Supplementing with adaptogens like Ashwagandha, Rhodiola, and Cordyceps can definitely help build your resilience—even in the face of overwhelming stress. Your body is subjected to a thousand insults a day, but it only has one real go-to move: inflammation. By making the body part (cell, organ, or system) hot, red, and inflamed, leukocytes kill stuff off before it kills us. When inflammation is chronic (through infection or insult), cortisol and other stress hormones stay elevated in the body. This confuses the immune system and makes it less efficient. So, the trick is to not only build up your immune system, but also to address the stress in your life that makes your body toxic and deficient. Get rid of the “bad,” and shore up the “good.” That is the secret to a healthy, strong immune system, and that is the secret to resilience!

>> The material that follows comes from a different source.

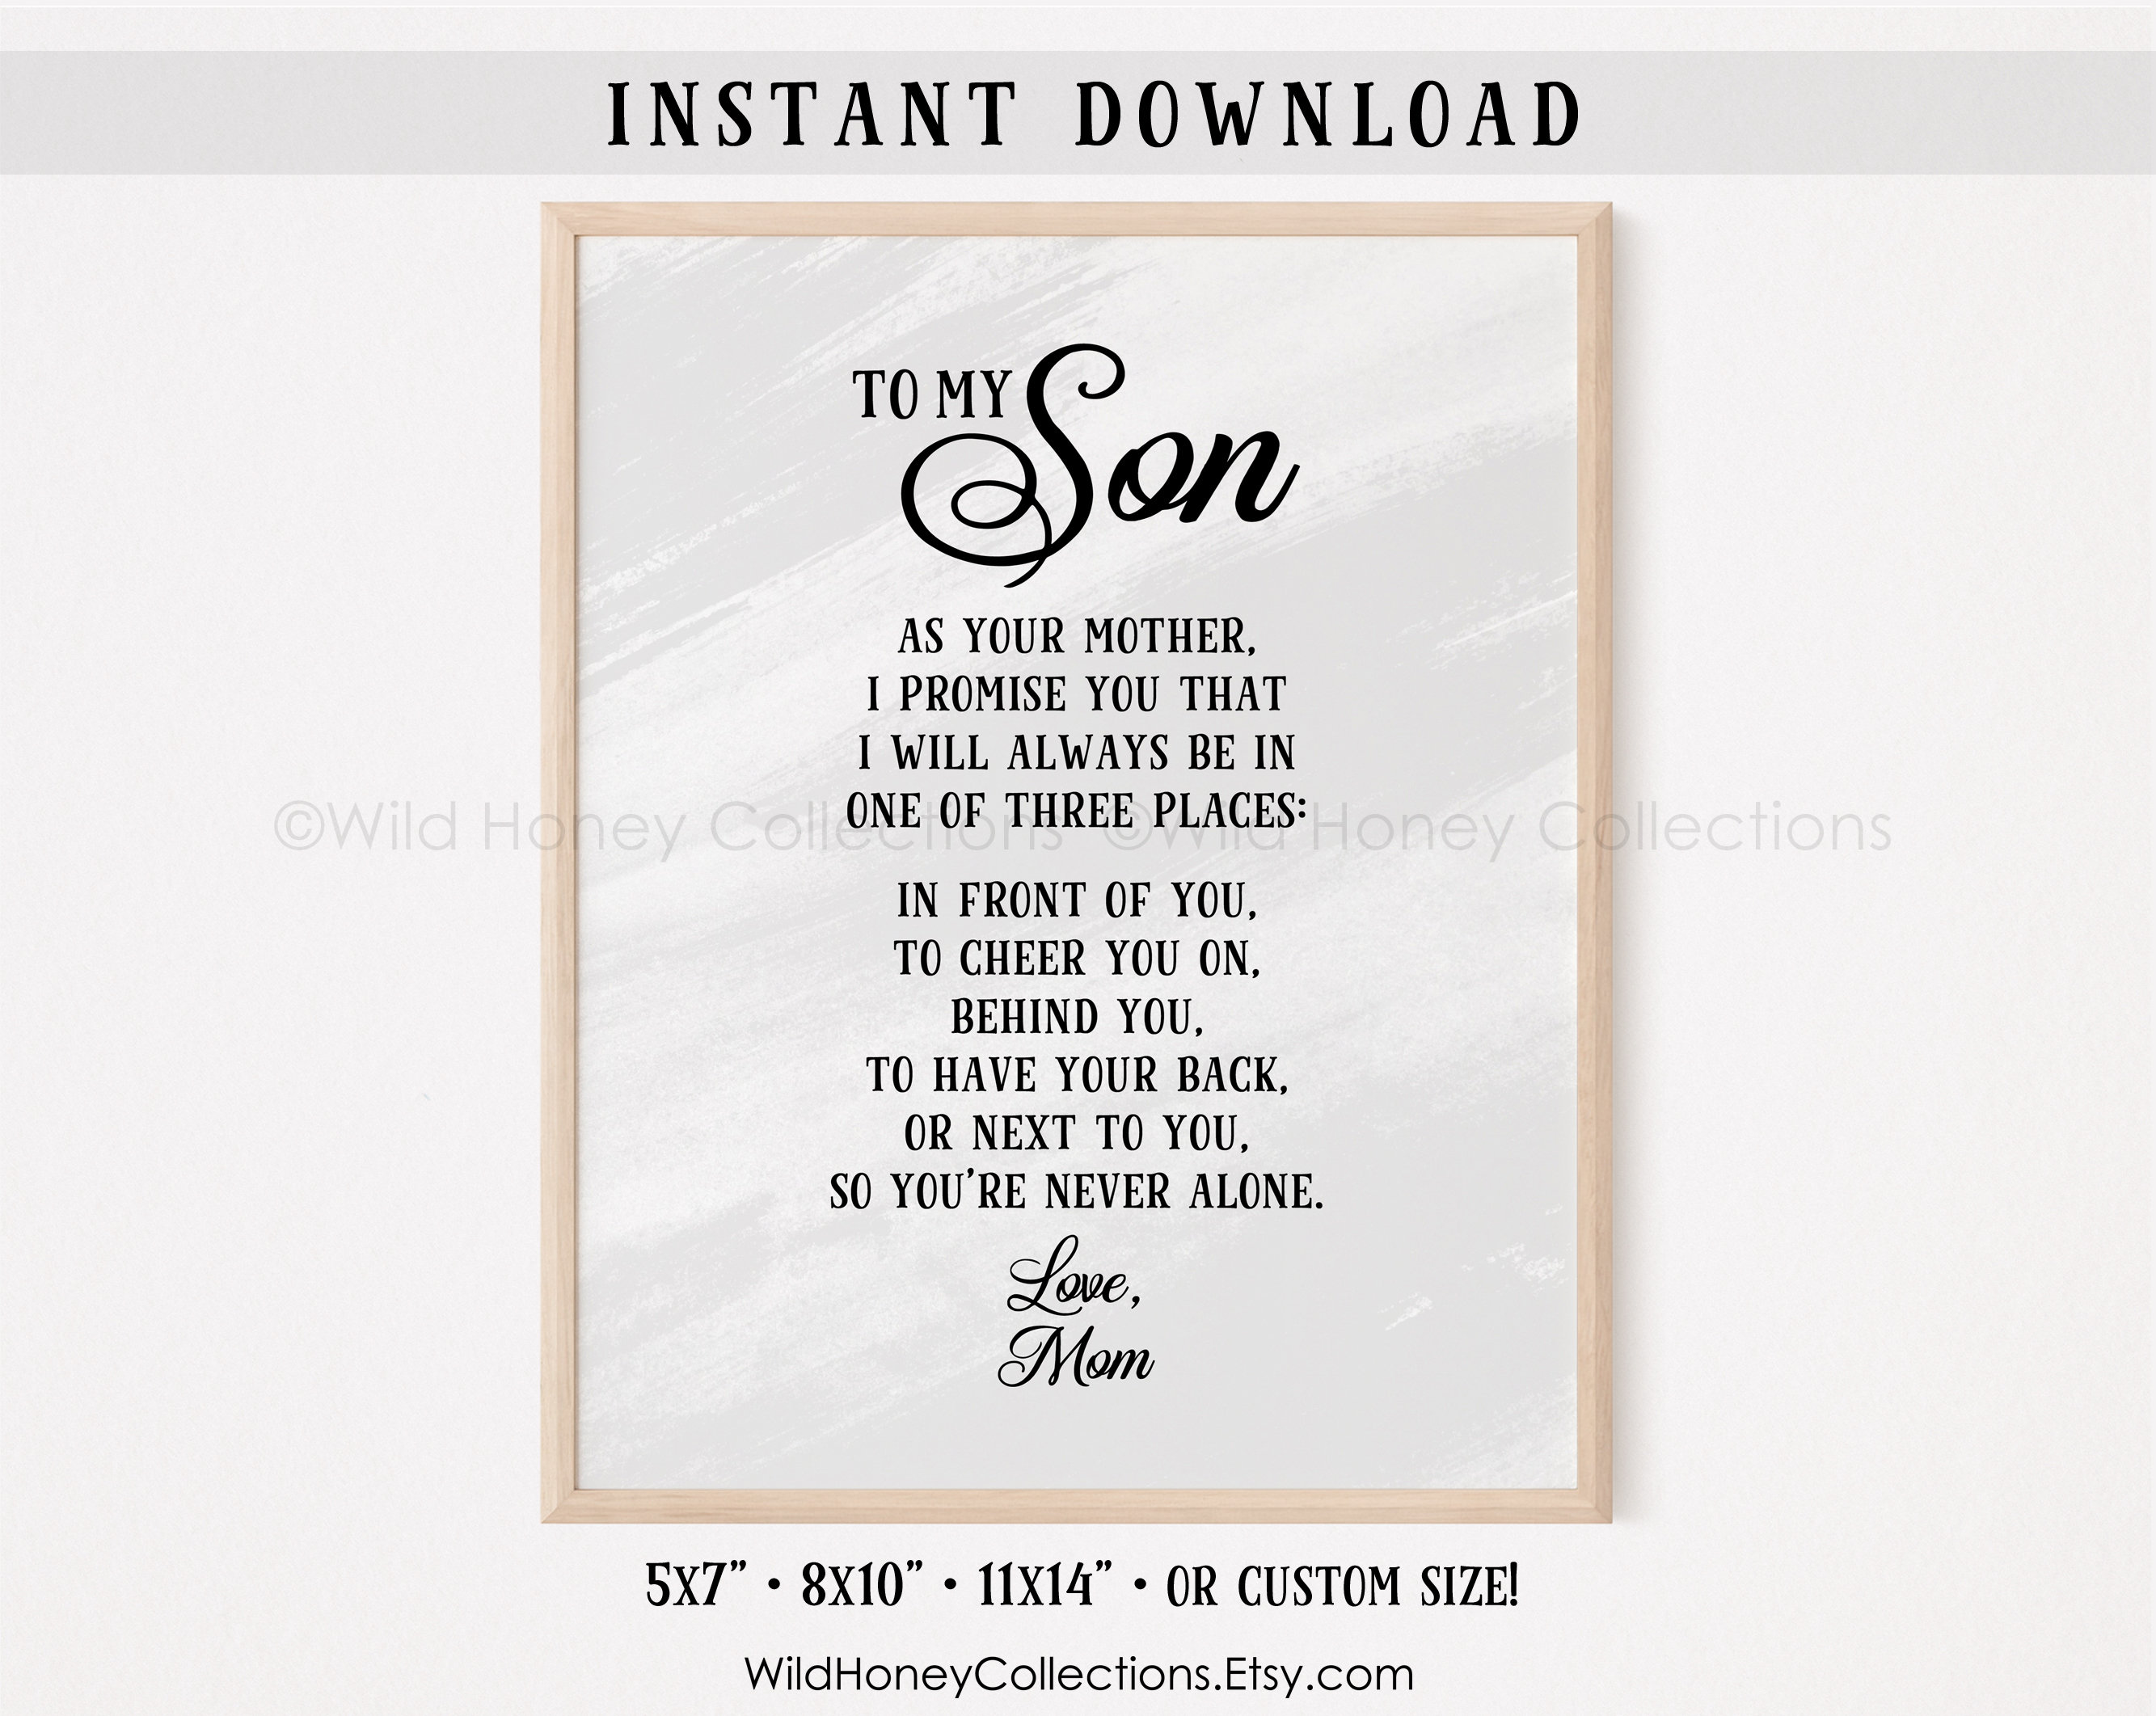 To My Son Printable Poem Mother to Son Gift Printable Wall image pic

Several scientific studies show the power of Ashwagandha in enhancing immune function by increasing immunoglobulin production in the body, and by regulating antibody production by augmenting both Th1 and Th2 cytokine production. The Tibetan medicine Rhodiola regulates T cells and increases immune function in the spleen. It helps your body do what it was intended to do—fight off infection! Cordyceps is also a powerful, adaptogenic herb that effectively improves immune function through protection against oxidative stress in the body.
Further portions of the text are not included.